The constitutionality of a statute is a legal issue that we review de novo. Goins v. Goins,
406 S.W.3d 886, 888 (Mo. banc 2013). “A statute’s validity is presumed, and a statute will not be
declared unconstitutional unless it clearly contravenes some constitutional provision.” Id. “We
review the constitutional challenge to see if it is substantial, in which case jurisdiction would vest
in the Missouri Supreme Court. Mo. Const. Art. V, Sec. 3. If the challenge is merely colorable,
we retain jurisdiction.” Tadrus v. Mo. Bd. of Pharmacy, 849 S.W.2d 222, 225 (Mo. App. W.D.
1993). “In determining whether a constitutional claim is real and substantial, we make a
preliminary inquiry as to whether it presents a contested matter of right that involves fair doubt
and reasonable room for disagreement.” Higgins v. Treasurer of State of Mo., 140 S.W.3d 94, 98
(Mo. App. W.D. 2004). “If the initial inquiry discloses the claim is so legally or factually
insubstantial as to be plainly without merit, the claim may be deemed merely colorable.” Id. “We
conclude, for the reasons set forth herein, that [Guthrie’s] constitutional challenge is merely
colorable and, thus, we have jurisdiction to address it.” Id.
Here, we reject Guthrie’s constitutional claim summarily because, simply put, there is no
constitutional right to attorney’s fees under either the United States Constitution or the Missouri
Constitution. “Missouri courts follow the American Rule, which requires each litigant to bear the
expense of his or her own attorneys’ fees.” Midland Prop. Partners, LLC v. Watkins, 416 S.W.3d
805, 817 (Mo. App. W.D. 2013). Despite this general rule, attorney’s fees are recoverable when
a statute specifically authorizes recovery or when a contract provides for attorney’s fees.
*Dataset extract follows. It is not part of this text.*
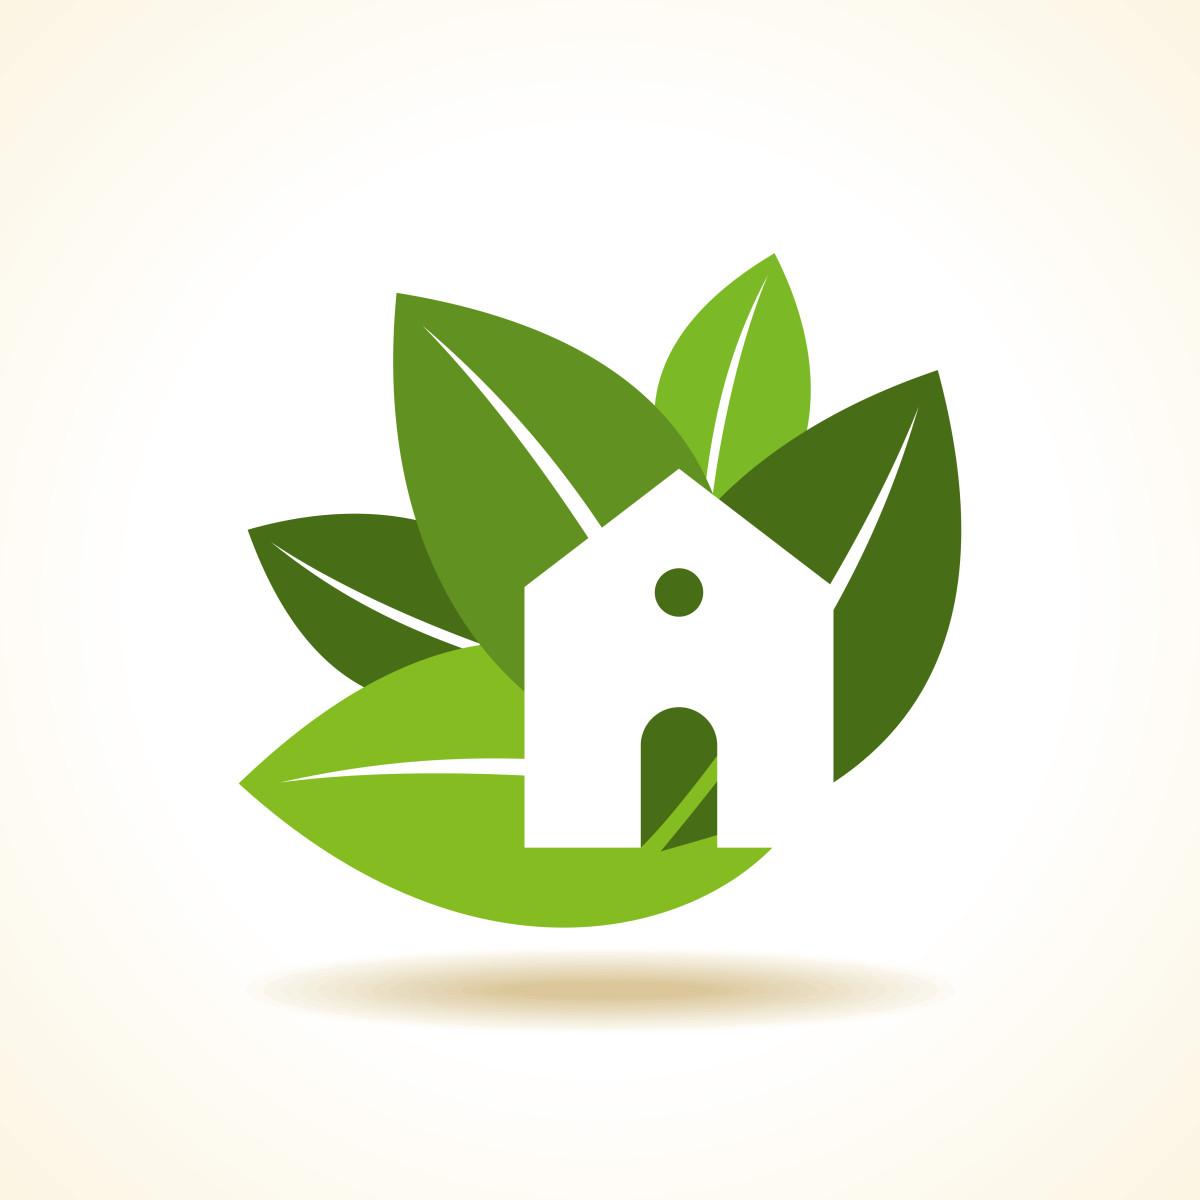 visuel maison écologique, feuille verte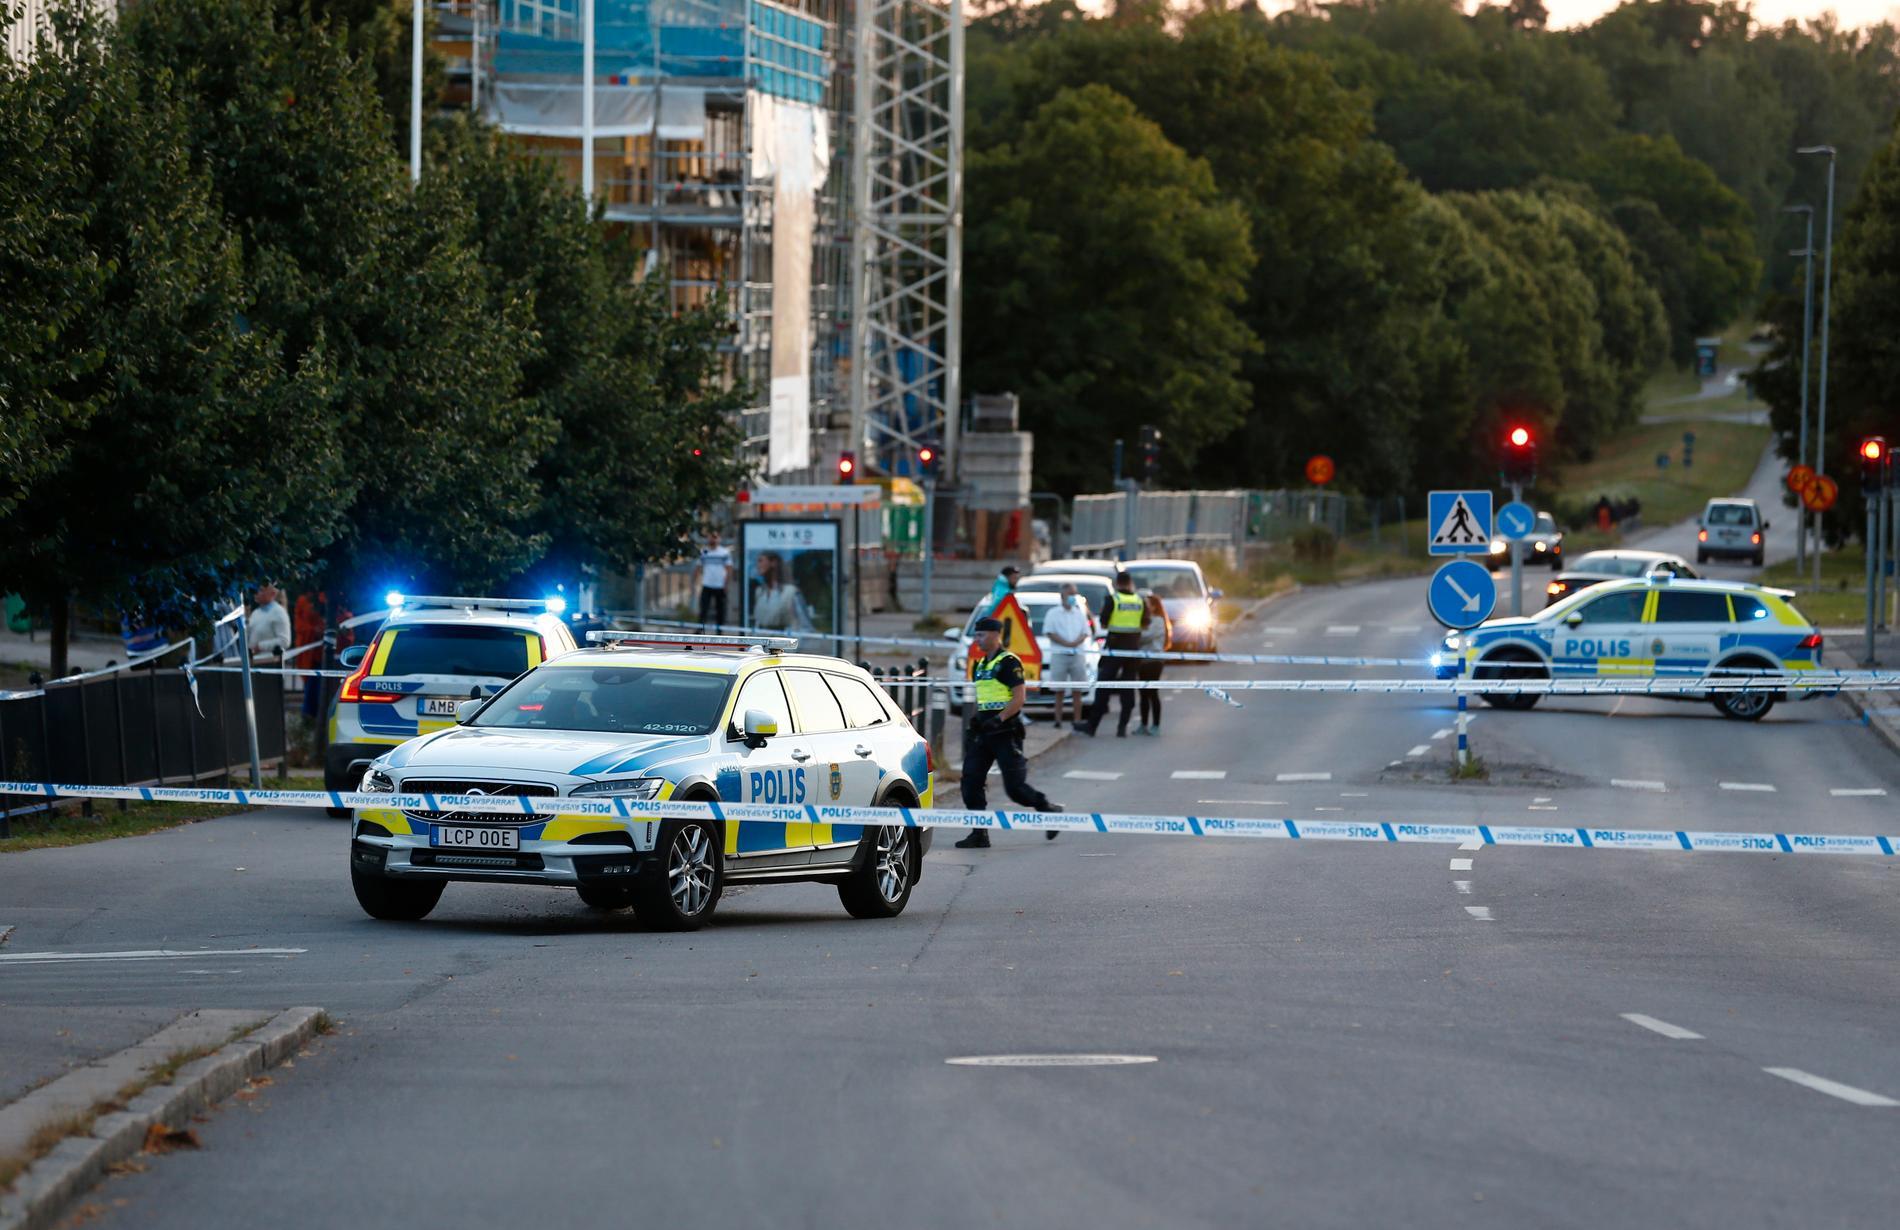 Avspärrningar vid Berga centrum i Linköping där två tonårspojkar skottskadades på torsdagskvällen.

Id.
Section 536.087.1 authorizes an agency to award “reasonable fees and expenses” to a party
prevailing in an agency proceeding brought by or against the State if it is determined that the
12
position of the State was not substantially justified or that special circumstances make an award
unjust. “Reasonable fees and expenses” includes reasonable attorney’s fees:
The amount of fees awarded as reasonable fees and expenses shall be based upon
prevailing market rates for the kind and quality of the services furnished, except
that . . . attorney fees shall not be awarded in excess of seventy-five dollars per hour
unless the court determines that a special factor, such as the limited availability of
qualified attorneys for the proceedings involved, justifies a higher fee[.]
§ 536.085(4). In the absence of statutory authorization, Guthrie would be responsible for all of
her own attorney’s fees; here, however, she is authorized by statute to recover attorney’s fees that
she would not otherwise be entitled to under the American Rule—though the fees authorized by
statute are capped, perhaps recognizing the balancing act between the American Rule and an effort
to assist merit-based government employees in the representation of their employment rights
through the merit system administrative appeal process. Thus, the statutory cap on attorney’s fees
does not violate any of Guthrie’s federal or state constitutional rights of due process; rather, the
statute promotes the exercise of due process rights in the context of a merit system employee.
Point II is denied.
Conclusion
The judgment of the circuit court is reversed, and the decision of the AHC is reinstated.
Mark D. Pfeiffer, Chief Judge
Victor C. Howard and Gary D. Witt, Judges, concur.